Information below:

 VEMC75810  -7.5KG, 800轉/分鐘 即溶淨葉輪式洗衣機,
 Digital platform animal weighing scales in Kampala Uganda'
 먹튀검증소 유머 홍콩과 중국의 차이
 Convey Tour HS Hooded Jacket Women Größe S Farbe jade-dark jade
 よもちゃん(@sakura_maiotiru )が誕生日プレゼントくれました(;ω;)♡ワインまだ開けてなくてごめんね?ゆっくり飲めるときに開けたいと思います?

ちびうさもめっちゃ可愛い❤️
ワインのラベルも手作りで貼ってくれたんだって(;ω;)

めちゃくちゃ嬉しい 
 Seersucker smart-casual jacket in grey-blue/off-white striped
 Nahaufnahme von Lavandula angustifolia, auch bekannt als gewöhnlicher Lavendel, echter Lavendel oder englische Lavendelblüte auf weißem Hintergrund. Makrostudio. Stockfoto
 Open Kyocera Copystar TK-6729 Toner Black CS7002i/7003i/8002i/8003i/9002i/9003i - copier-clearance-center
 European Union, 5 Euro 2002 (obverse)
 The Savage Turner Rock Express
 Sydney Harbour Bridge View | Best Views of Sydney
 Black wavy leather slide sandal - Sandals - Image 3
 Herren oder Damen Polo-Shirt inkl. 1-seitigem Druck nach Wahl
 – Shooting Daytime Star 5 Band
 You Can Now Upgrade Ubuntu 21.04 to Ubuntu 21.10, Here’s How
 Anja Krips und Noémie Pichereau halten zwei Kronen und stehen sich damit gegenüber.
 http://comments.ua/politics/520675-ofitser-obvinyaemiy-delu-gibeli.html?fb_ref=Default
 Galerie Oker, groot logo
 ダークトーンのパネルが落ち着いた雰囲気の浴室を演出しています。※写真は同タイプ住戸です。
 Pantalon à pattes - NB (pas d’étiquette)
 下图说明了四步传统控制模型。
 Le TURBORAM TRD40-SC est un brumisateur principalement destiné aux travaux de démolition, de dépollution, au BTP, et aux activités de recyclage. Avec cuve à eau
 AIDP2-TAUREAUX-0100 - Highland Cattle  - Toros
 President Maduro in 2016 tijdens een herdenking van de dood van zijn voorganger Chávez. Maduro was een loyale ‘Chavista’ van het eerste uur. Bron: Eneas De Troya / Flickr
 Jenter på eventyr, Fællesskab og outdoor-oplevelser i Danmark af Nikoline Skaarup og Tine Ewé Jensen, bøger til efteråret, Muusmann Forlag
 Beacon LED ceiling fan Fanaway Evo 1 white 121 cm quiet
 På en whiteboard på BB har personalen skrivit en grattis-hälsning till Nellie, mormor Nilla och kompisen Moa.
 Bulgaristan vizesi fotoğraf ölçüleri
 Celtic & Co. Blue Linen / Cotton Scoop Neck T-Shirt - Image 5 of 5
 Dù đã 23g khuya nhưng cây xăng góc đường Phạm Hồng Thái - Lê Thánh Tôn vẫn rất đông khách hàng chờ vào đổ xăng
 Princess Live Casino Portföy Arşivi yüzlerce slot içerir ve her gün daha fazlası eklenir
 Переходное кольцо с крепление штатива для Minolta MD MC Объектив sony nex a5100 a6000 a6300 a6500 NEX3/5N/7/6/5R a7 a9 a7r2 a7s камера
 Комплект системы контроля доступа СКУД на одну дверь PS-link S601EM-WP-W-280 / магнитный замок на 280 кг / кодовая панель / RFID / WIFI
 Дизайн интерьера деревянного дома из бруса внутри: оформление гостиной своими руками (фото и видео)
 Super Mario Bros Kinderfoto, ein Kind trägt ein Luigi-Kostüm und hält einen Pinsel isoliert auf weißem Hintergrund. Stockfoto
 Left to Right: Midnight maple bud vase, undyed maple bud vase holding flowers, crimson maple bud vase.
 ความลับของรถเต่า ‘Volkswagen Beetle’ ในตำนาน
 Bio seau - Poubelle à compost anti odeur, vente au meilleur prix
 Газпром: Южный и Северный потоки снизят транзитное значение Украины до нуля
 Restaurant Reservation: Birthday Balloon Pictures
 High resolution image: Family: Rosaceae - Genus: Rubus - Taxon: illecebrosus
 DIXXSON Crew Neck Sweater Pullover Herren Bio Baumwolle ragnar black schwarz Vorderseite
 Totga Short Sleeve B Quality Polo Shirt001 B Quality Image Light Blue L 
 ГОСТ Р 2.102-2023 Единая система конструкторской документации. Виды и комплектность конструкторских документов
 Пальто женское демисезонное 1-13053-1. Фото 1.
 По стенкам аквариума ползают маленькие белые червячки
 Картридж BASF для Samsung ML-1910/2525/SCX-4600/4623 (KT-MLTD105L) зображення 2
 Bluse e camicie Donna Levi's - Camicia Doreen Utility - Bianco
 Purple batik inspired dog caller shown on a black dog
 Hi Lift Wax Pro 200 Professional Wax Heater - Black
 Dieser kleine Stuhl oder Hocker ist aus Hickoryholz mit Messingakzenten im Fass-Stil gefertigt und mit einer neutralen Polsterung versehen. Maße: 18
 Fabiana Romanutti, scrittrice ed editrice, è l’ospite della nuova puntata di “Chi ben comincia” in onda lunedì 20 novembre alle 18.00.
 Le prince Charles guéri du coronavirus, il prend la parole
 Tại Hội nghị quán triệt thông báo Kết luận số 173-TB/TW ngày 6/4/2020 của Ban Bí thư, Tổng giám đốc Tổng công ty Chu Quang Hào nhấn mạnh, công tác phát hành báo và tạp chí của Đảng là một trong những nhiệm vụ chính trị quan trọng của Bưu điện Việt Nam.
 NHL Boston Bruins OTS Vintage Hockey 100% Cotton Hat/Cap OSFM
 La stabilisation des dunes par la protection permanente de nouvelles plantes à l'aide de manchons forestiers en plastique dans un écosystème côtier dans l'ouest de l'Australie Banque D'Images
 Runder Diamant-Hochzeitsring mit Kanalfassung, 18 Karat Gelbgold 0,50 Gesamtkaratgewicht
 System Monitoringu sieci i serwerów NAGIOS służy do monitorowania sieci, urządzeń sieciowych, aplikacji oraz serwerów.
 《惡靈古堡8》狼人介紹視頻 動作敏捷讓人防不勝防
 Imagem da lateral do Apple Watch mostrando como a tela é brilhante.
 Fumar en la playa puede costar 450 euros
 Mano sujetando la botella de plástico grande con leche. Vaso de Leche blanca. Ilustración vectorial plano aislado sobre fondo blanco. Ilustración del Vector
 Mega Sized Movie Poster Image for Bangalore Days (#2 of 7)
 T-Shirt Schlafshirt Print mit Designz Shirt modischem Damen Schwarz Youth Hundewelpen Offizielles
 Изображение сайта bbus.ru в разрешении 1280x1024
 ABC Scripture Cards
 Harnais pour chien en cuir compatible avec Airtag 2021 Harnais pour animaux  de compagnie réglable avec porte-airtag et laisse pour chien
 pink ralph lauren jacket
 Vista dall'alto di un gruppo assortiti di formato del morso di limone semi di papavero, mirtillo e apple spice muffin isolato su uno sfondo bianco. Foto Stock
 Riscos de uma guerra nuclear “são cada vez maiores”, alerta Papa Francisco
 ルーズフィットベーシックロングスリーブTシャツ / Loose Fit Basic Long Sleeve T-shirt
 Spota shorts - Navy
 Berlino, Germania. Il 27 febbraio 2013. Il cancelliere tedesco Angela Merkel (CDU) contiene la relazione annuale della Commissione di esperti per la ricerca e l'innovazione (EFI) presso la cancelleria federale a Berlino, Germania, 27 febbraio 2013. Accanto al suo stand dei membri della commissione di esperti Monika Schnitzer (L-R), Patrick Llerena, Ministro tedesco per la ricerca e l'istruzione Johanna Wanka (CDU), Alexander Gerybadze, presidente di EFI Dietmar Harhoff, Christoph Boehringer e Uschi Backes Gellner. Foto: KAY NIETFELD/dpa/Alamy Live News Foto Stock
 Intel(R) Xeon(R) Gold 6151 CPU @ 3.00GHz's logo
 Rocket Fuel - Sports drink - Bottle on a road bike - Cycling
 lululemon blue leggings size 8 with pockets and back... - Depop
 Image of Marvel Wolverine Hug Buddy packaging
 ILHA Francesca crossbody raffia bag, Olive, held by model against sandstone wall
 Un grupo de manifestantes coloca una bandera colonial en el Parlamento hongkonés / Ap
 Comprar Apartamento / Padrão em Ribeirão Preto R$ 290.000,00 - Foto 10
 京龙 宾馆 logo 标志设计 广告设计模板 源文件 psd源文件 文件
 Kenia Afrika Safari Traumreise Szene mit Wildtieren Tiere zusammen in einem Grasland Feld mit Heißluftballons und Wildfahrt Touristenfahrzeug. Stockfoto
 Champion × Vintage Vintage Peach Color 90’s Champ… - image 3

End of Information.

● Exercise objective: Print exactly the lines above, between the one holding "Galerie Oker, groot logo" and the one holding "AIDP2-TAUREAUX-0100 - Highland", inclusive, and nothing besides.

● Result for this exercise:
 Galerie Oker, groot logo
 ダークトーンのパネルが落ち着いた雰囲気の浴室を演出しています。※写真は同タイプ住戸です。
 Pantalon à pattes - NB (pas d’étiquette)
 下图说明了四步传统控制模型。
 Le TURBORAM TRD40-SC est un brumisateur principalement destiné aux travaux de démolition, de dépollution, au BTP, et aux activités de recyclage. Avec cuve à eau
 AIDP2-TAUREAUX-0100 - Highland Cattle  - Toros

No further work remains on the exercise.